At the urging of Chicago Tribune cartoonist Carey Orr (who succeeded McCutcheon’s father), McCutcheon applied for a cartoonist job with the Spokesman-Review in Spokane, Washington. His first cartoon appeared in the summer of 1950. In the 1970s, McCutcheon also began writing editorials for the paper, often on issues regarding economics and national defense. It’s estimated that he drew more than 9,000 cartoons and wrote some 1,000 editorials during his career at the paper.

Michael Crawford, 1945-2016

Michael Crawford, who sold more than 600 cartoons and drawings to The New Yorker after William Shawn, died of cancer July 12 in his Kingston, N.Y., home. He was 70.

Crawford was born in Oswego, N.Y., on Oct. 21, 1945. After graduating from the University of Toronto with a bachelor’s degree in English, Crawford spent a year at the university’s law school, and then took a circuitous route to a career in cartooning. Jobs included everything from working for a Washington pollster to playing baseball to “writing English papers for cash for people in college” and “an ill-advised ‘teaching’ stint at a derelict Vermont ‘academy’ for Led Zeppelin zealots,” he once told an interviewer.

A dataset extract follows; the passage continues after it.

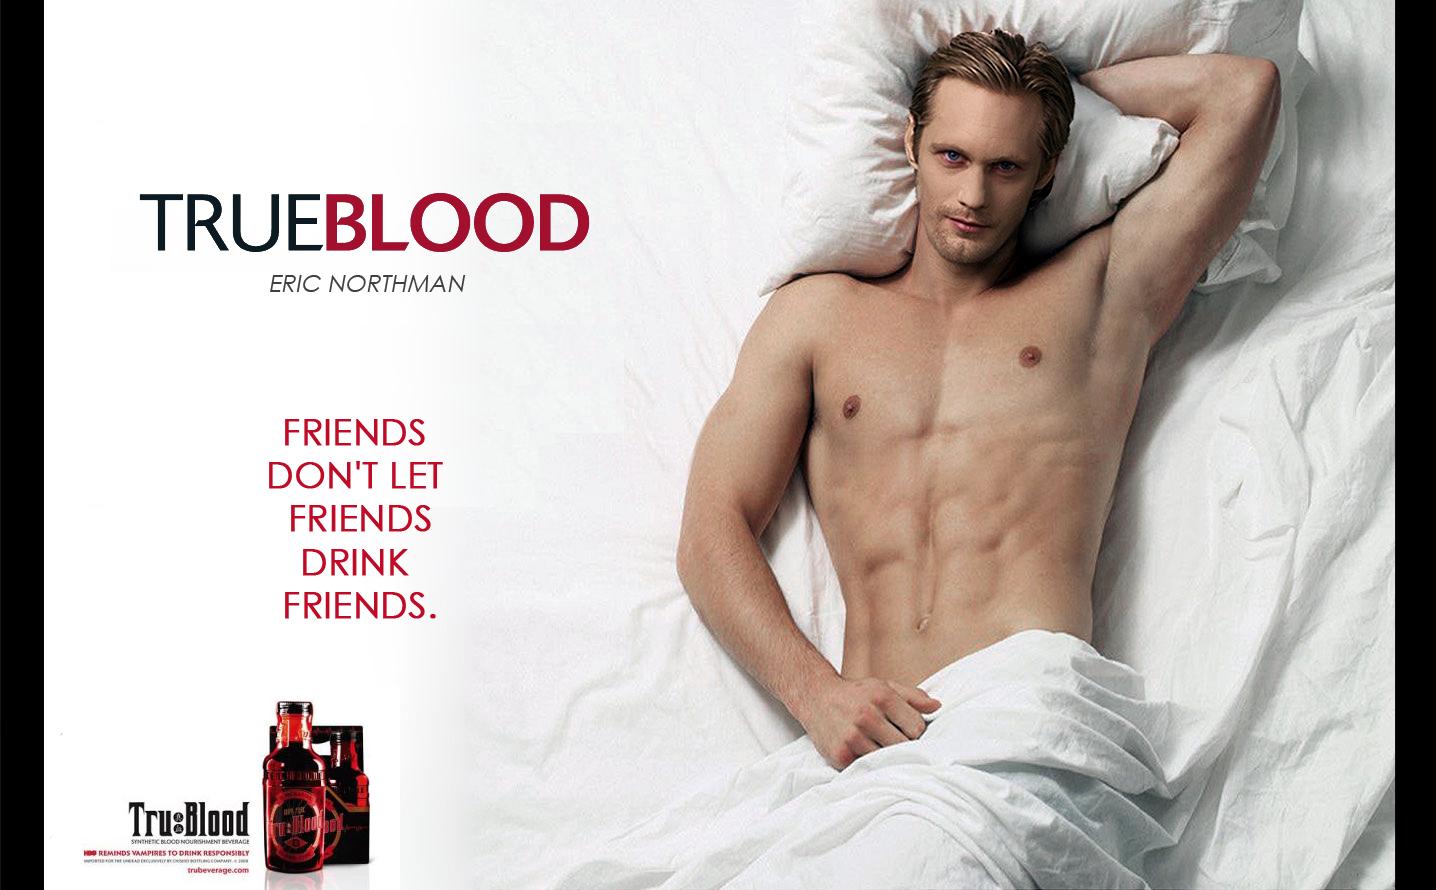 http://2.bp.blogspot.com/_Ebtg58yV3_E/TE1NshPMHFI/AAAAAAAAB_w/EdXXKbxEdsQ/s1600/True_Blood__Eric_Northman_by_ilovedrigo4ever.png

“You always rush out and high-five me when I homer. How about a hug when I whiff?”

Living in the Boston area, he began to pursue a career in art and began selling his cartoons at area art fairs. He began sending work to The New Yorker in the mid-1970s.

“Eventually, started peppering The New Yorker with gags around 1975 and Whoosh! Before you knew it, it was 1981 and I had my first New Yorker check (for a grand 400 clams I think it was),” Mr. Crawford recalled in an interview with cartoonist Michael Maslin.

Crawford was also an accomplished painter, with his best-known work featuring scenes with gangsters.